Six-foot sea rise would kill surfspots, displace 13 mil in just 80 years

Rincon at low tide © Miles Jackler

Rincon as we know her would be gone.  Rising sea levels could affect up to 6 million in Florida alone.

Surf News Network, February, 2017 – If current projections from a study are correct, by the year 2100 many low-tide-only and other surfspots will dissappear, along with millions of homes. Researchers assessed sea level change scenarios using data from the U.S. Oceanic and Atmospheric Administration.

The study’s lead author, University of Georgia demographer Mathew Hauer told Planet Ark that these estimates put the number of displaced at three times that of previous calculations.

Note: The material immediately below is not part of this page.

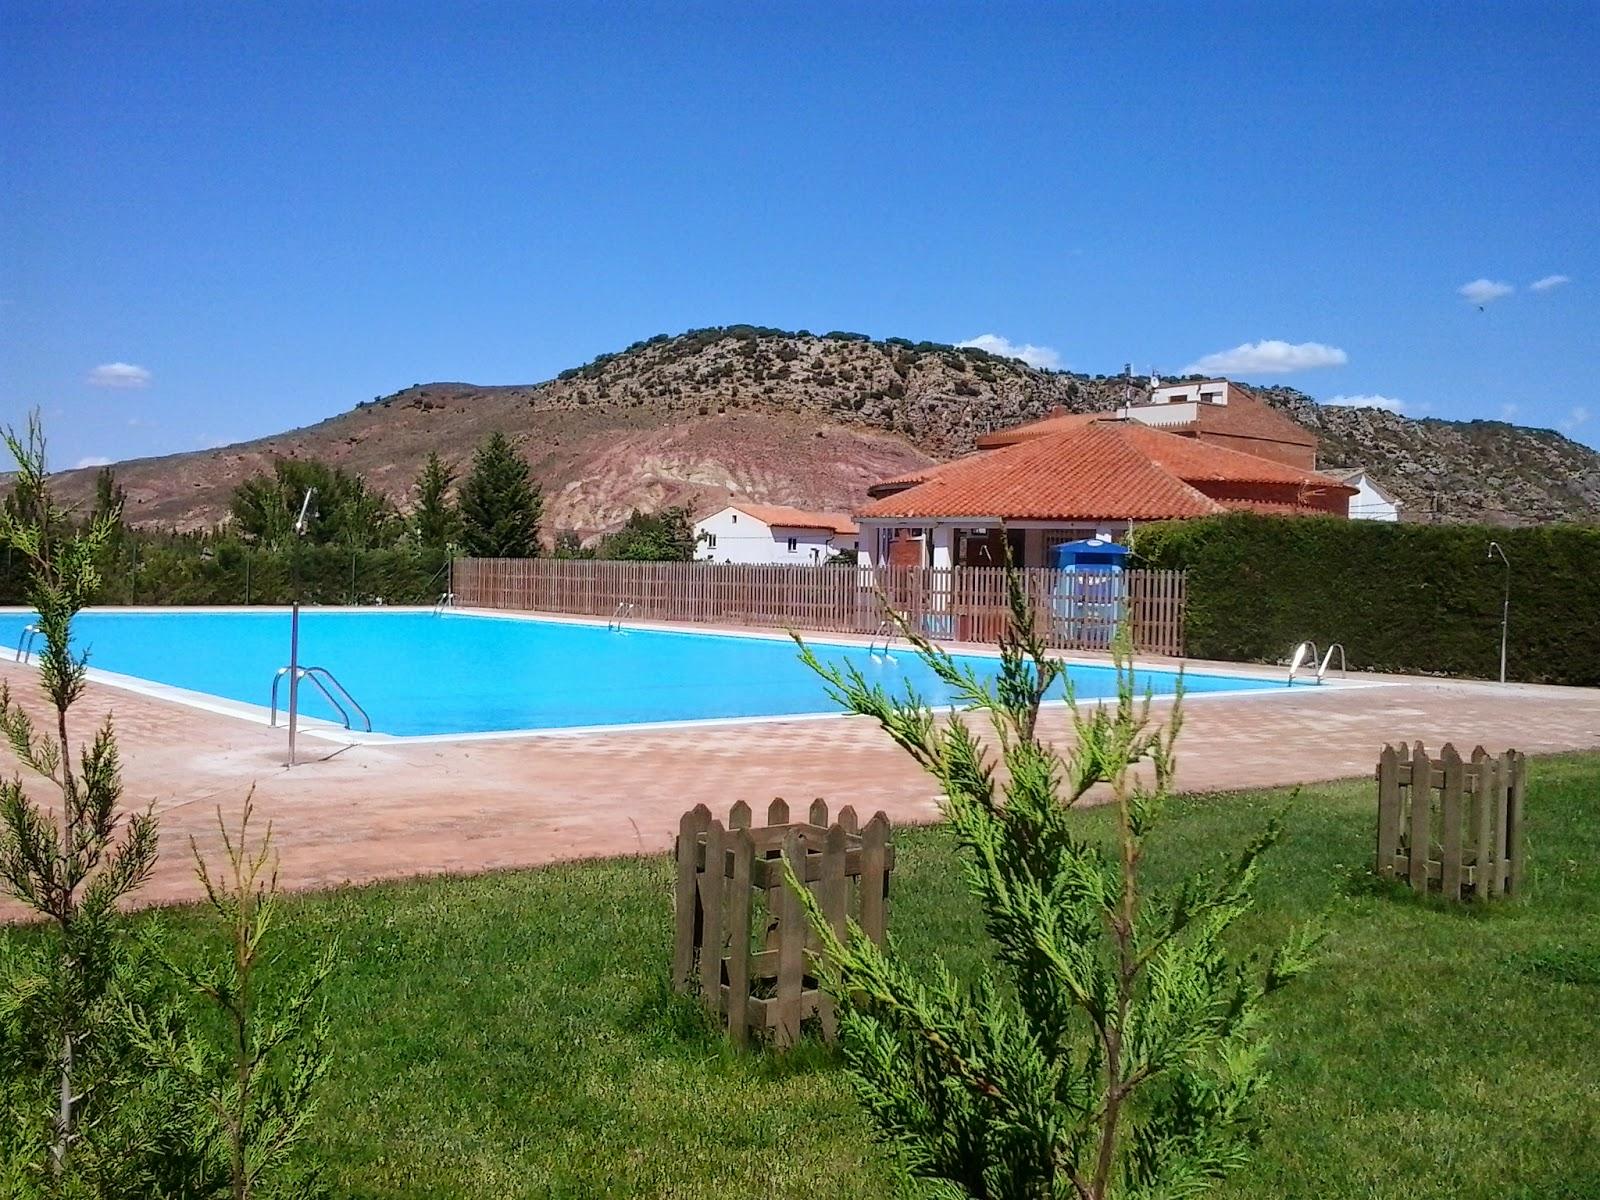 El jueves abre la piscina municipal noticias de manzanera for Piscina municipal

With a sea level rise of 3 feet, locations that house 4.2 million people are at risk of inundation by rising sea levels. If that rise hits 6 feet, the number of displaced would more than double to 13.1 million – mostly due to densely populated regions in Florida. Louisiana sees 1.29 million at risk while California clocks in 1 million people at risk.

“As the sea level rises, coastal parts of Florida will be inundated,” University of Georgia geography professor Deepak Mishra, one of the researchers said in the article.

“Sea level rise is the phenomenon that makes climate change a reality for millions of people worldwide. The sheer volume of people at risk of displacement and becoming climate refugees is the main threat.”

And for surf spots? Say goodbye to firing low-tide Rincon, Mundaka and many spots in Santa Cruz.